§ **Collected data**:
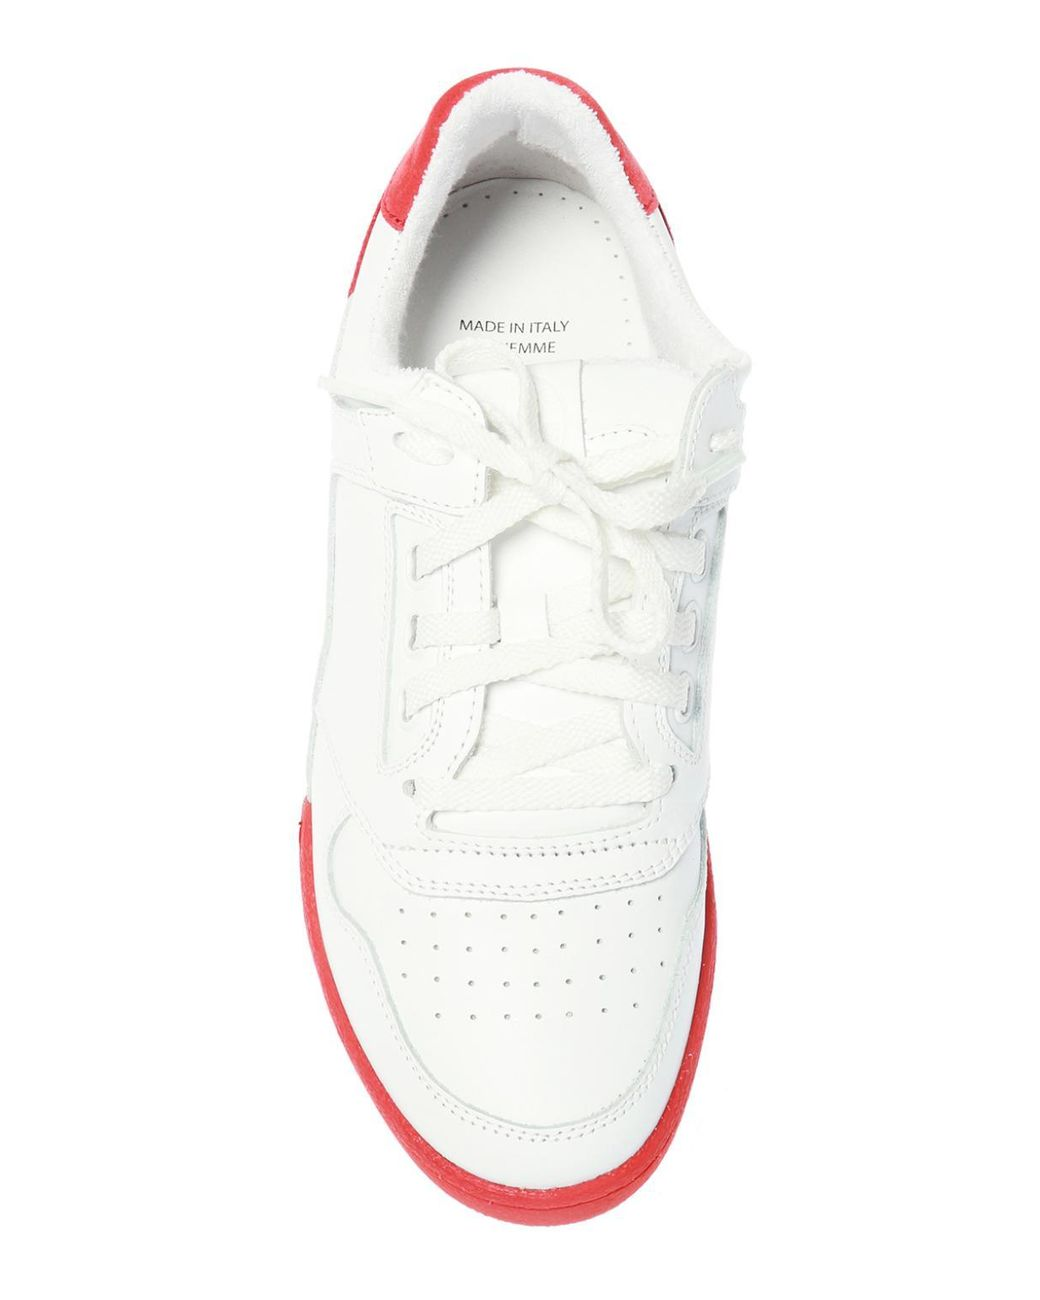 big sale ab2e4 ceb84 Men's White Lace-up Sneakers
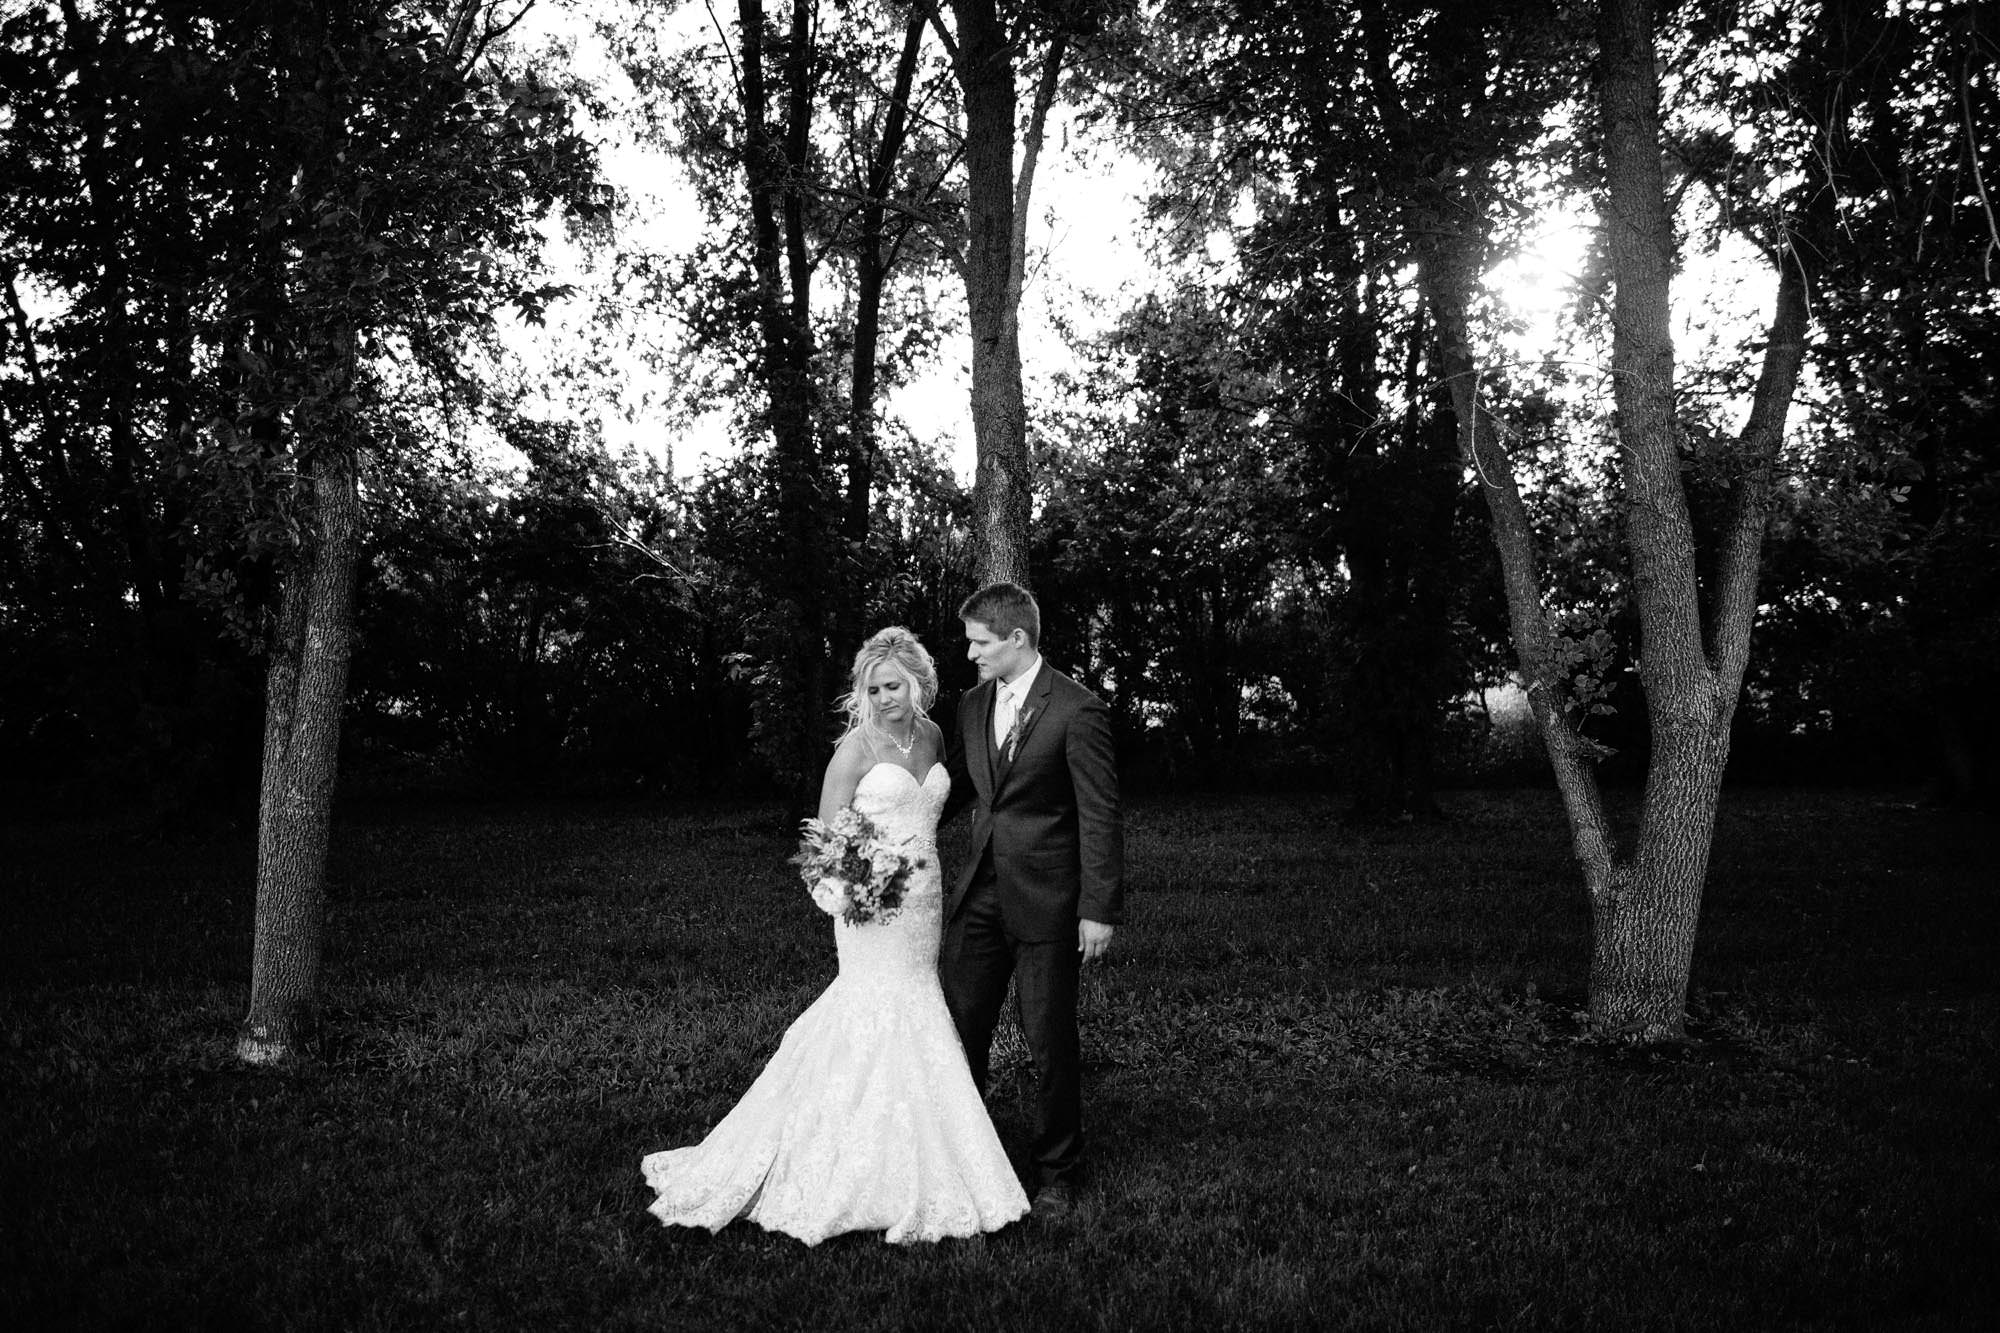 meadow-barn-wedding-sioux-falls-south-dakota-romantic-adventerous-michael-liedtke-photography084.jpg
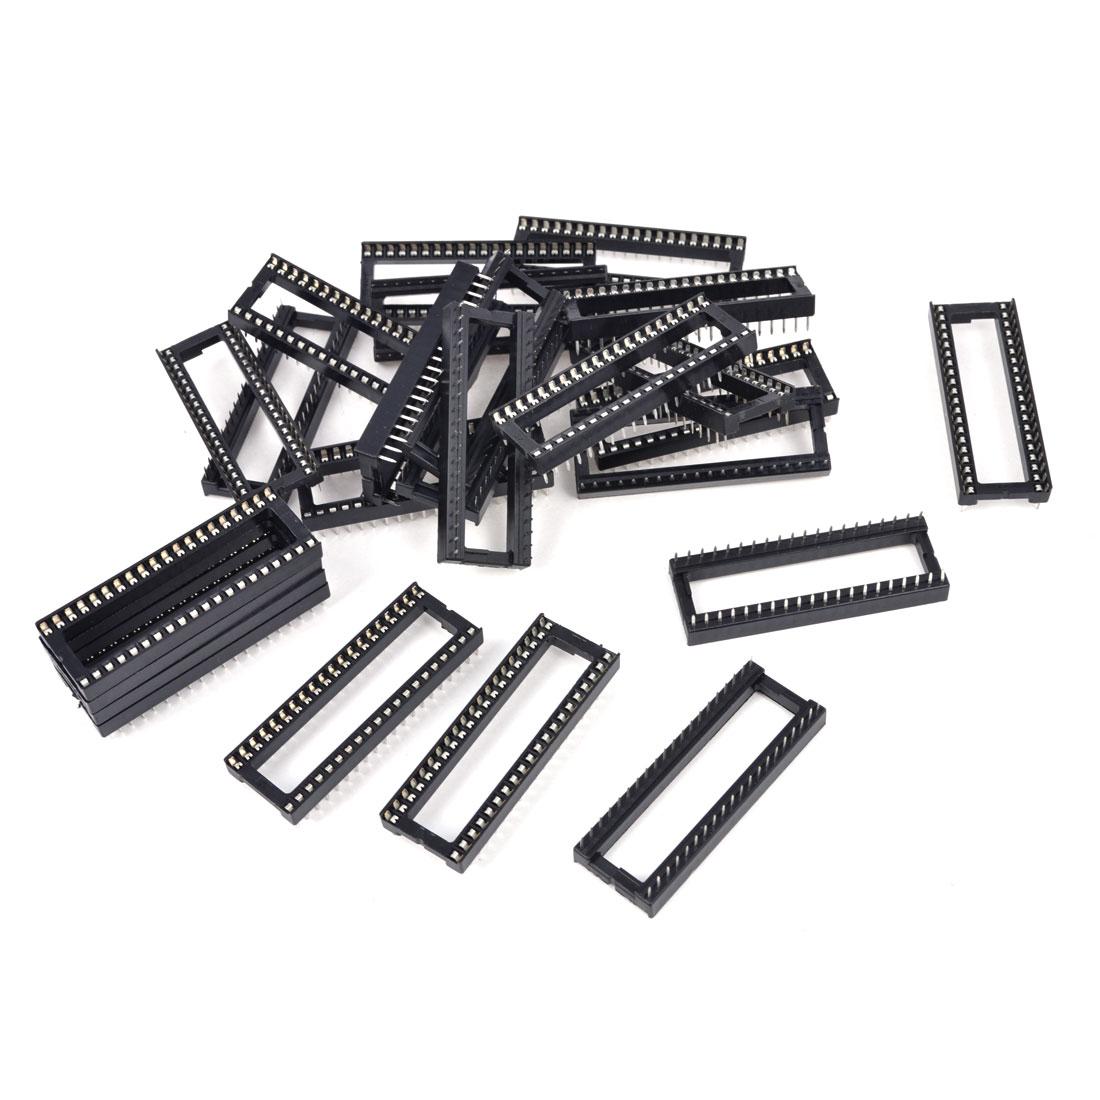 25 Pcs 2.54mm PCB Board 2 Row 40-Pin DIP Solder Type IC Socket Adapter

§ **To do**:
Everything in the listing except the pictures must be reproduced exactly.

§ **Expected answer**:
 big sale ab2e4 ceb84 Men's White Lace-up Sneakers
 meadow-barn-wedding-sioux-falls-south-dakota-romantic-adventerous-michael-liedtke-photography084.jpg
 25 Pcs 2.54mm PCB Board 2 Row 40-Pin DIP Solder Type IC Socket Adapter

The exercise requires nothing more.